Так Ванька и остался под домной, где скоро обжился и привык, точно у себя дома. Работа была нетрудная в дневную смену, а когда приходилось работать по ночам, Ванька спал на ходу. Правда, Ипатыч берег малыша и не томил непосильной работой, но не спать ночь было похуже всякой работы.
— Ничего, привыкнешь, — утешал его Ипатыч. — Уж мы с тобой природные мастеровые, — значит, только старайся. А будешь болтать, очень просто — за вихры.
И Ванька старался.
Доменная печь казалась Ваньке, как и дяде Ипатычу, чем-то живым: мальчик часто прислушивался к шуму доменных фурм, которыми нагнетался в поддувало воздух, и ему представлялось, что это дышит сама домна.

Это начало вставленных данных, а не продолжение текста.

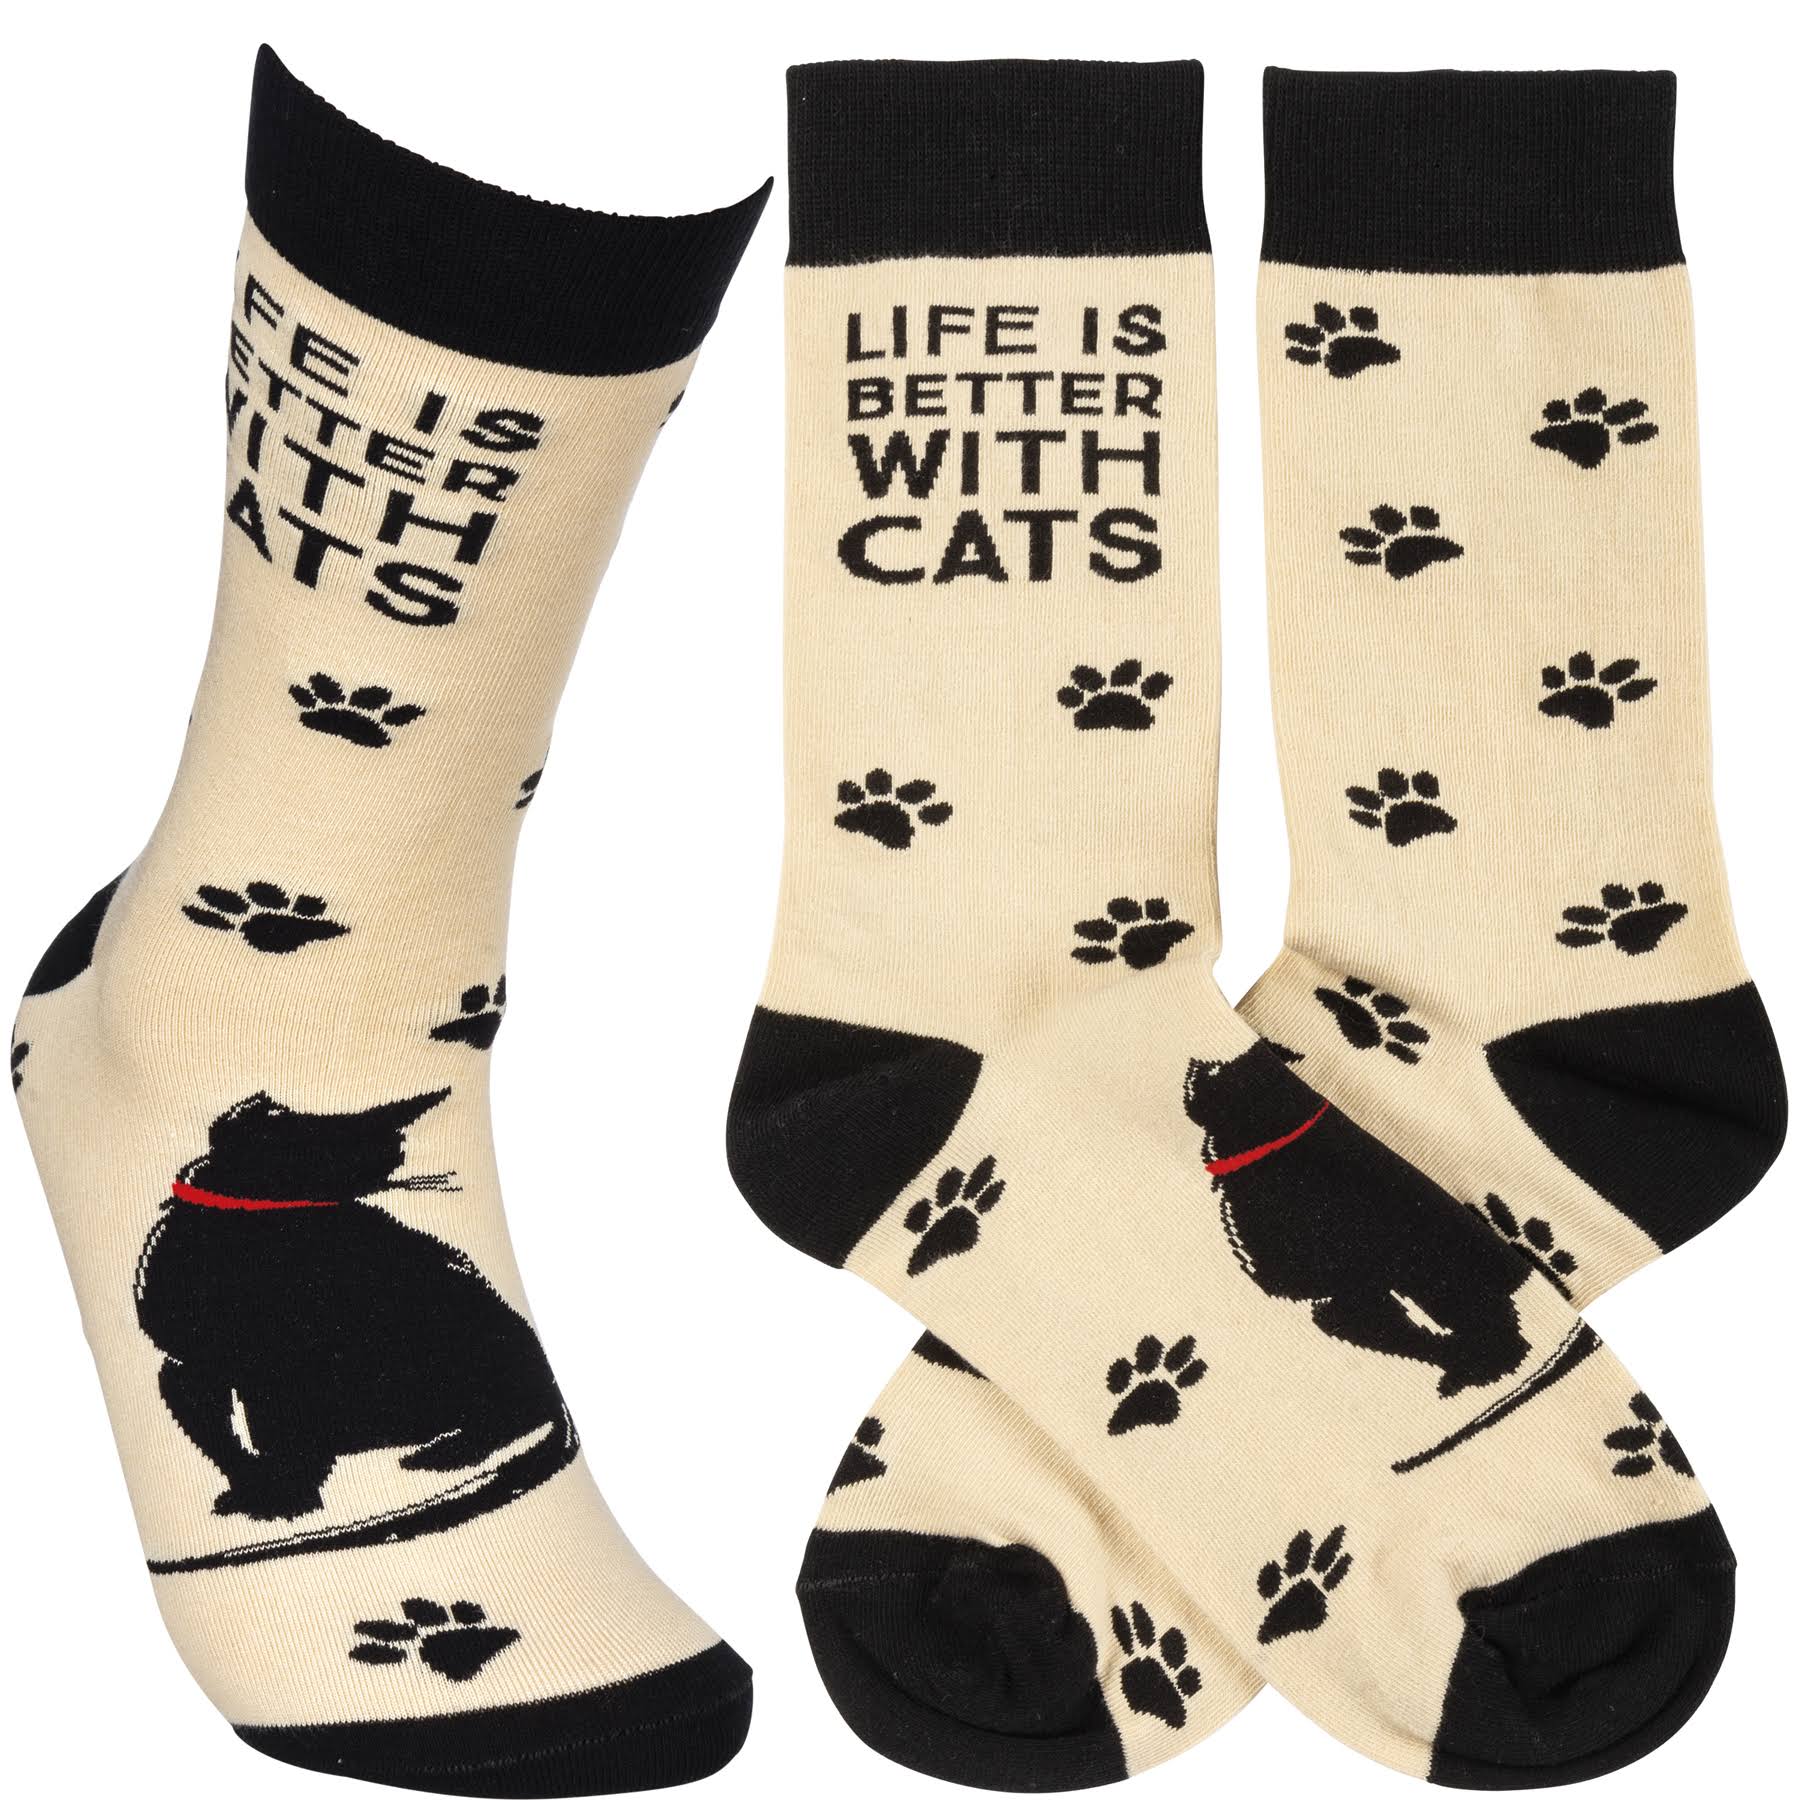 Primitives by Kathy Life Is Better with Cats Socks - Each

Устройство печи и ее работа были хорошо известны Ваньке еще раньше. Он видел, как на пожоге обжигают руду; потом, как мальчики его возраста разбивают ее на мелкие куски, а потом эту измельченную руду свозят на верх доменной печи и засыпают вперемежку с углем.
Наверху работа шла без перерыва день и ночь, как и под домной. Выпуск чугуна производился два раза в день, и перед каждым выпуском дядя Ипатыч делал пробу, то есть в особую форму отливал взятый из печи расплавленный чугун, а когда он остывал — разламывал… Если получался мягкий серый чугун, Ипатыч хвалил «старуху», а если жесткий, белый, с лучистым изломом, старик начинал ругаться.
Впрочем, он никогда не ругал самой печи, а ругался так, в пространство, чтобы сорвать сердце.
Всех рабочих под домной «обращалось», как пишут в заводских отчетах, около двадцати человек. Сами рабочие не говорят: «работать под домной», а «ходить под домной». Тут были и литухи, то есть рабочие, которые отливали чугун в постоянные изложницы и в специальные формы; и формовщики, приготовлявшие в особом помещении формы для чугунных отливов; и простые рабочие; и мальчики, как Ванька, подметавшие сор и летавшие по разным поручениям по всей фабрике.
Работа под домной была не тяжелая, и Ванька чувствовал себя на фабрике совсем хорошо, но нет худа без добра и добра без худа.
Было одно обстоятельство, к которому Ванька не мог привыкнуть: именно — когда являлся заводской управитель, которого рабочие прозвали «Карла».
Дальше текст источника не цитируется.